I needed a function to 'explode' factors that is a bit more flexible, and made one based on the acm.disjonctif function from the ade4 package.
This allows you to choose the exploded values, which are 0 and 1 in acm.disjonctif. It only explodes factors that have 'few' levels. Numeric columns are preserved.
# Function to explode factors that are considered to be categorical,
# i.e., they do not have too many levels.
# - data: The data.frame in which categorical variables will be exploded.
# - values: The exploded values for the value being unequal and equal to a level.
# - max_factor_level_fraction: Maximum number of levels as a fraction of column length. Set to 1 to explode all factors.

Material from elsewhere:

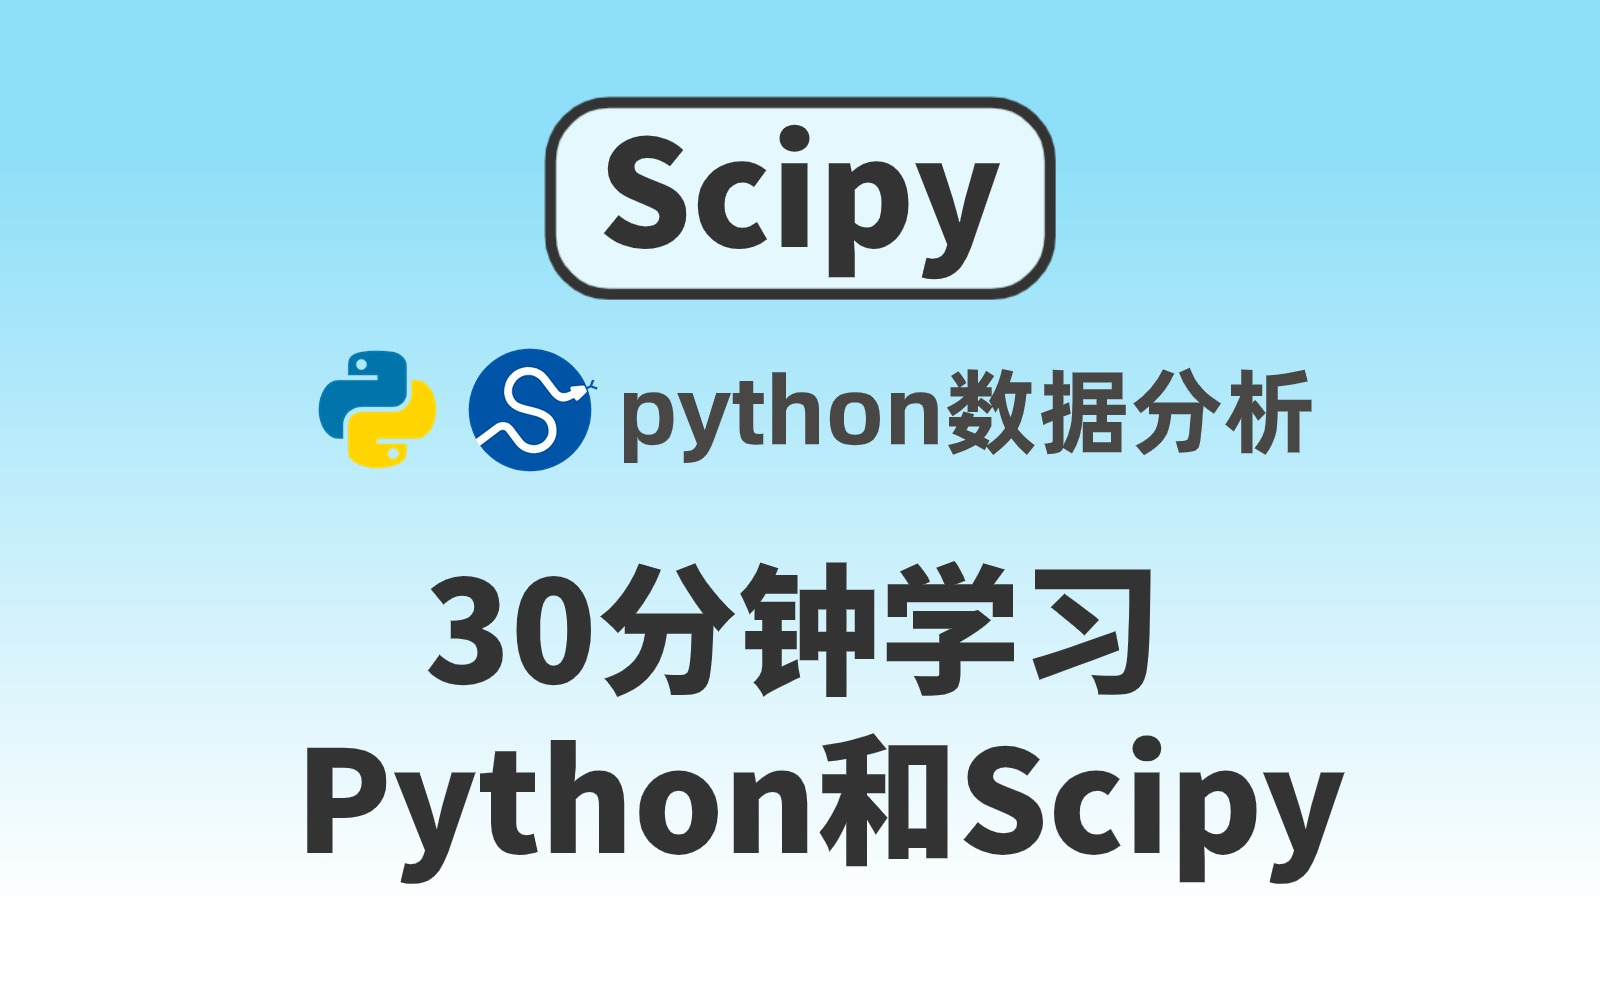 【零基础入门SciPy 】30分钟学习Python和SciPy基础教程 Python数据分析——基础技术篇scipy学习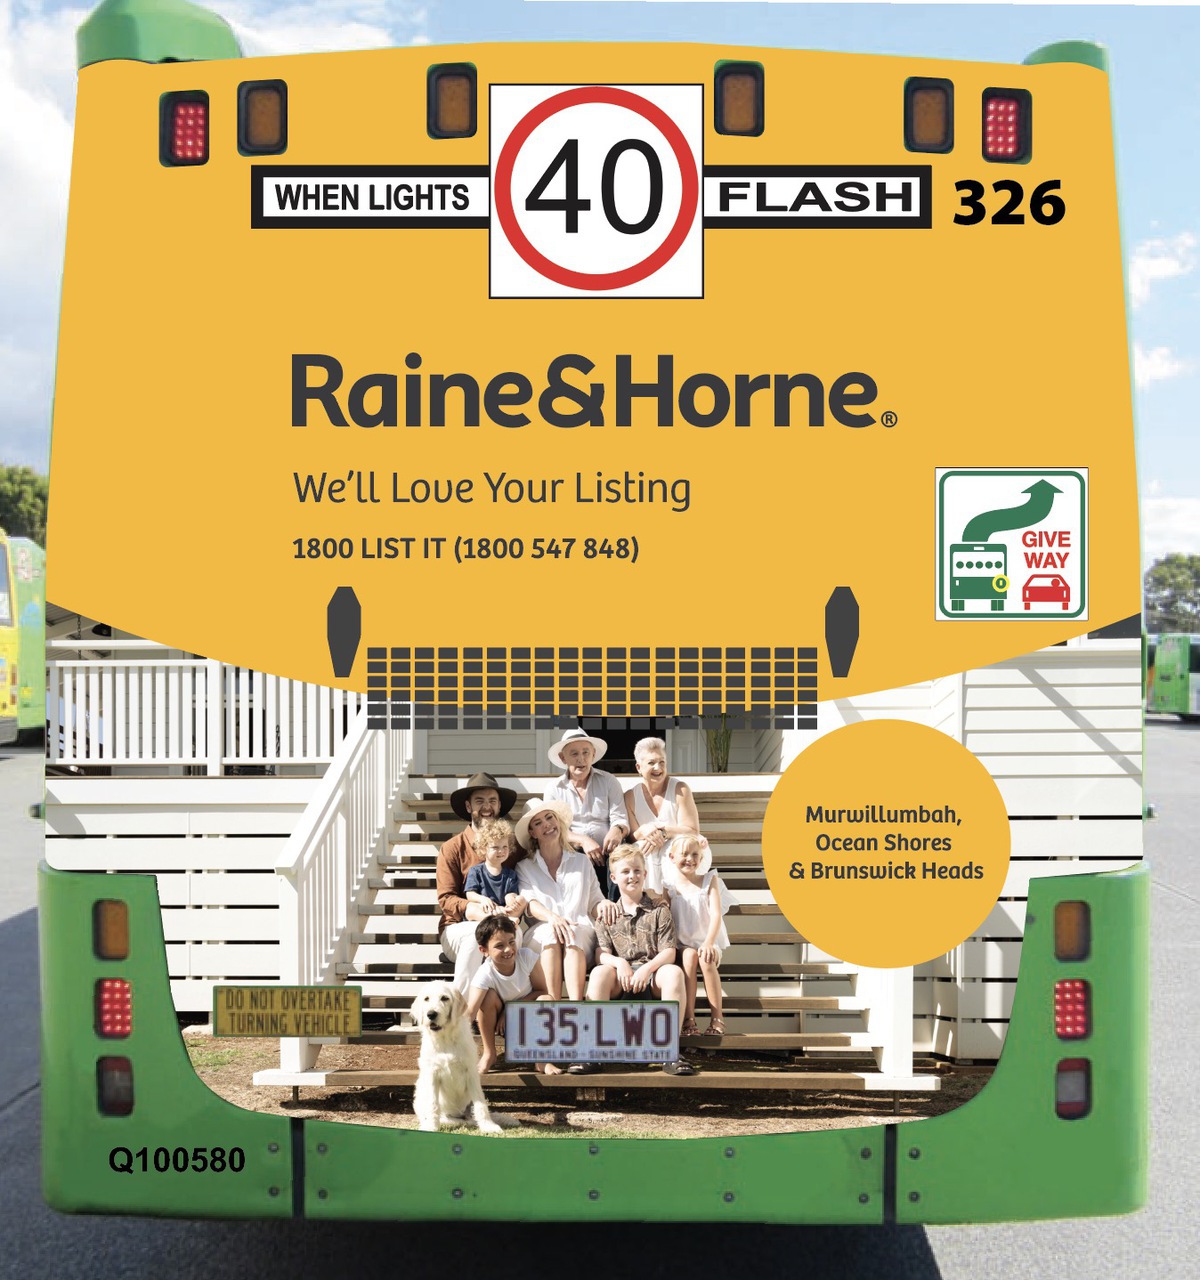 Raine & Horne Bus Wrap

# Inspired by the acm.disjonctif function in the ade4 package.
explode_factors <- function(data, values = c(-0.8, 0.8), max_factor_level_fraction = 0.2) {
exploders <- colnames(data)[sapply(data, function(col){
is.factor(col) && nlevels(col) <= max_factor_level_fraction * length(col)
})]
if (length(exploders) > 0) {
exploded <- lapply(exploders, function(exp){
col <- data[, exp]
n <- length(col)
dummies <- matrix(values[1], n, length(levels(col)))
dummies[(1:n) + n * (unclass(col) - 1)] <- values[2]
colnames(dummies) <- paste(exp, levels(col), sep = '_')
dummies
})
# Only keep numeric data.
data <- data[sapply(data, is.numeric)]
# Add exploded values.
data <- cbind(data, exploded)
}
return(data)
}
(The question is 10yo, but for the sake of completeness...)
The function i() from the fixest package does exactly that.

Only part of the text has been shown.